Alfama is the oldest district in Lisbon. It used to be inhabited by fishermen and the poor before, but today it is a historical quarter of homes and small businesses, with maze of narrow streets and small squares. My guide took us to for a shot of ginjinha, a favorite liqueur for many Portuguese on any given day. Belem is one of the most visited district in Lisbon. Although it is not within walking distance, it is less than 15 minutes from the downtown Lisbon. Belem's major historical building is the Jerónimos Monastery, classified as a UNESCO World Heritage Site in 1983 along with Tower of Belem. Within the monastery, there's a church which lies the stone tombs of Vasco da Gama and Luis de Camoes. My friend and I had lunch at a local restaurant. I ordered grilled octopus, and it tasted really delicious.

We went to Porto from Lisbon for the weekend. The journey is less than 4 hours, and the train is pretty comfortable. Registered as a World Heritage Site by UNESCO in 1996, Porto was an outpost for the Roman Empire many centuries ago. Today, it is internationally known for its port wine. The highlight of my trip to Porto is to discover the market, Mercado do Bolhao which is situated in the heart of the city. Built in 1914, it is pretty rundown but well-maintained in a two level opened air building. It looks like a place counting its last days on earth. I would recommend anyone to go there before it soon disappears.

I loved Porto. One side of the city along Douro River is the old quarter consisting many alleys and streets for the prying eyes to explore, while on the other 'new' side, there are countless signs of port wine names the city is famous for. On the last night in Porto, I came across a souvenir shop, and to my surprise I saw what I had been dreaming to get before I started the trip, a typical Portuguese clog. I started collecting traditional clogs/shoes of countries I've visited only recently, and now I am a proud owner of three different pairs!

My friend left Porto for Paris the next morning. After a morning walk, I left Porto back to Lisbon for a night stay before my departure back to New York the next day.

Amsterdam, Netherlands

I like to watch Anthony Bourdain's programs on the Travel Channel. The Layover is interesting as it is a 48 hour non-stop eating program to fill one's appetite.

Here I was in Amsterdam's Grand Central Station in a 14 layover at 7 pm before my flight back to New York the next day at 9 am. While snapping pictures in the station, I was wondering if I could match Anthony's quest for good food, good company, and sightseeings along the way.

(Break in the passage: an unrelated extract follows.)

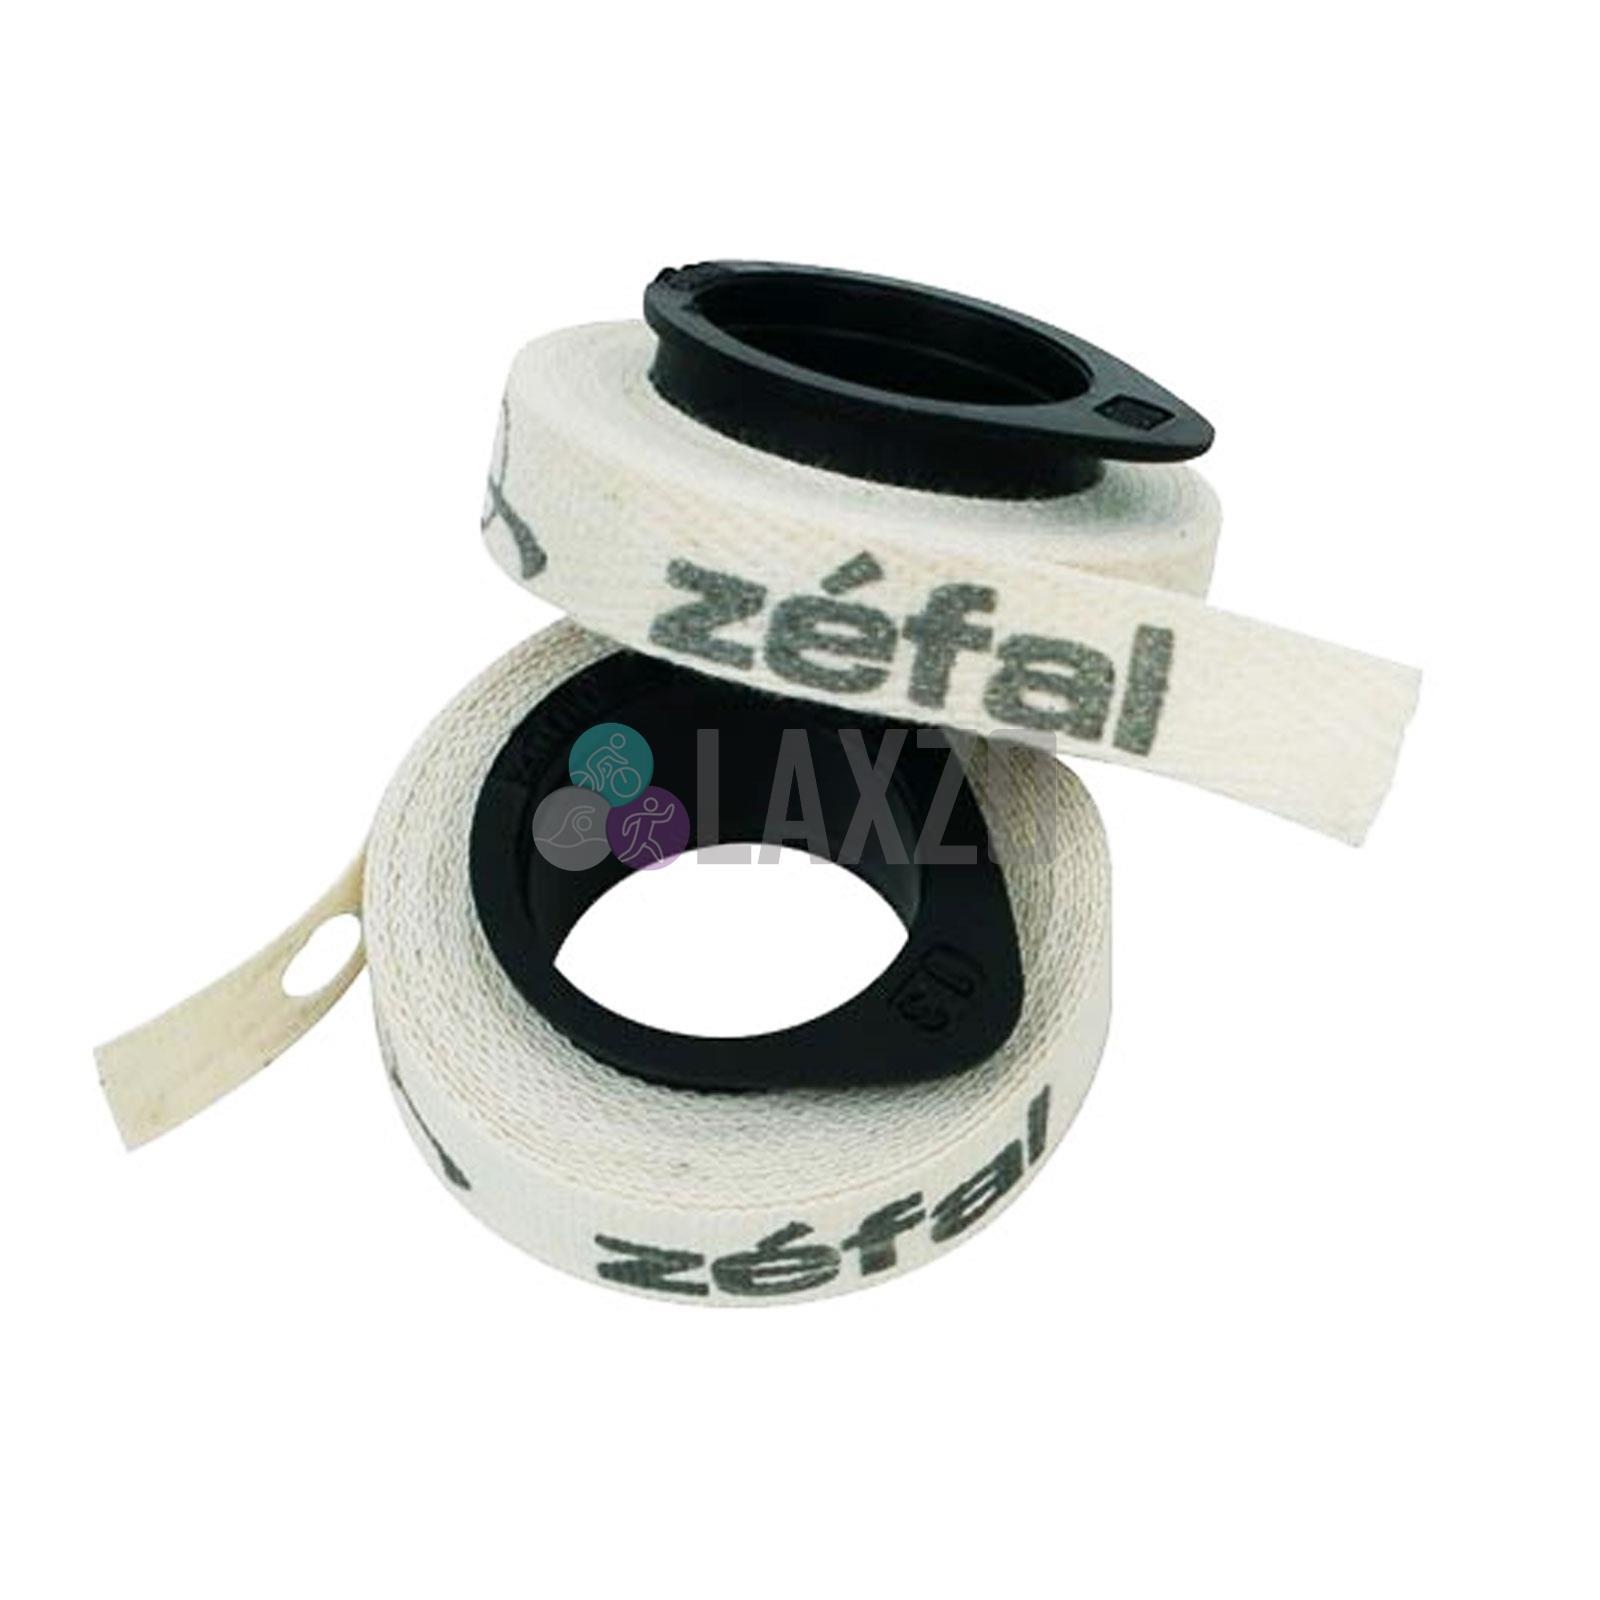 Zefal Rim Tape-17mm-Rim Cloth-700c-Bike Wheel Strip-New-1 Roll
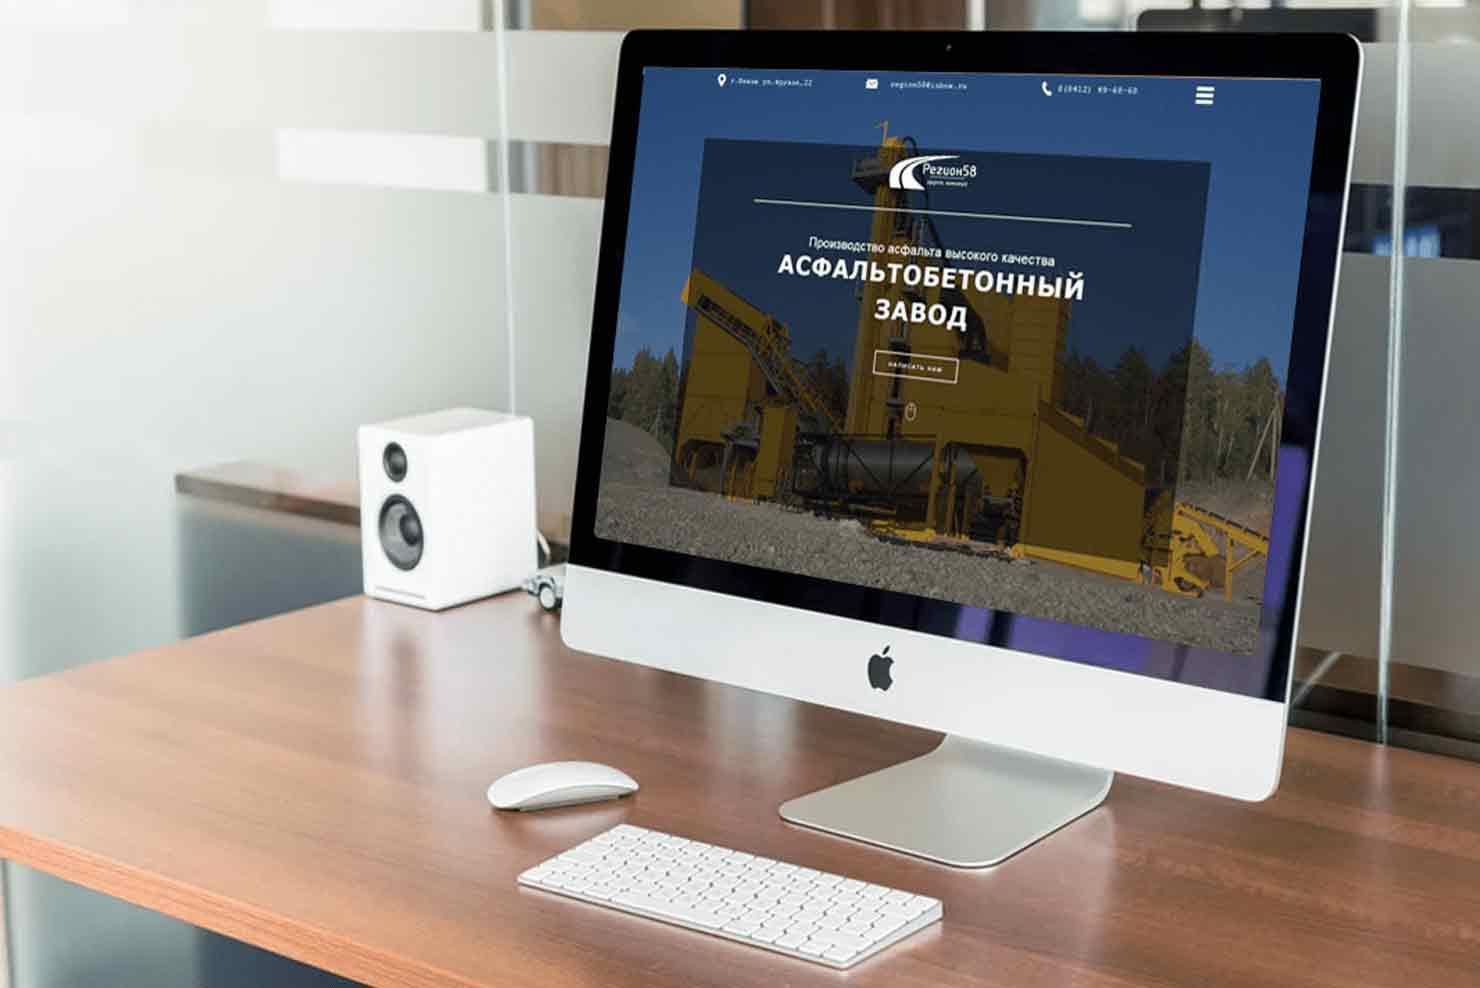 Сайт компании Регион 58

Weather was uncooperative that day. It was rainy, windy and cold. Sky was already dark when I stepped out of the station. I could see that construction was being done in and out of the main entrance. As I ventured further, I saw hundreds of bicycles parked on designated parking areas. I had never seen so many bikes before.

I walked past canal after canal and suddenly I was at Nine Streets.

Nine Streets are famous for the quirky stores, chic boutiques, intimate cafes and restaurants as well as other specialty shops to serve the MTV generation. Most of the stores are run by local proprietors, so do not expect to see Zara or H & M here. With the clock ticking away, and my stomach growling for food, I began my quest for my first meal in Amsterdam. Not knowing where and what I would like to eat, I stumble into a place which looked pretty cool. The menu was pretty huge. I began to feel skeptical, and decided to order a soup first. It was one of the worst meals I had ever tasted. The soup tasted like a package of instant noodle soup based in hot water with a few tiny shrimps, mussels and scallops. I was 6.50 Euro lighter when I left the restaurant!

The centuries old buildings along the canals have huge windows. I could see from outside, and judging from what I saw I could tell most are artists, sculptures, or designers by professions. As I walked, I came across galleries, and antique shops. With the cold wind blowing, I had to look for the bathroom. Finally, decided to call it a night. I found a place to sleep for the night, and left the city at 5 am the next day.

Did I match Anthony Bourdain feat? Probably not, but he has 48 hours with help from his producers. As for me, I had less than 14 hours and a city map. Call me a sore loser!

But for my next layover, I will do a lot better as I wait for my flight back to New York.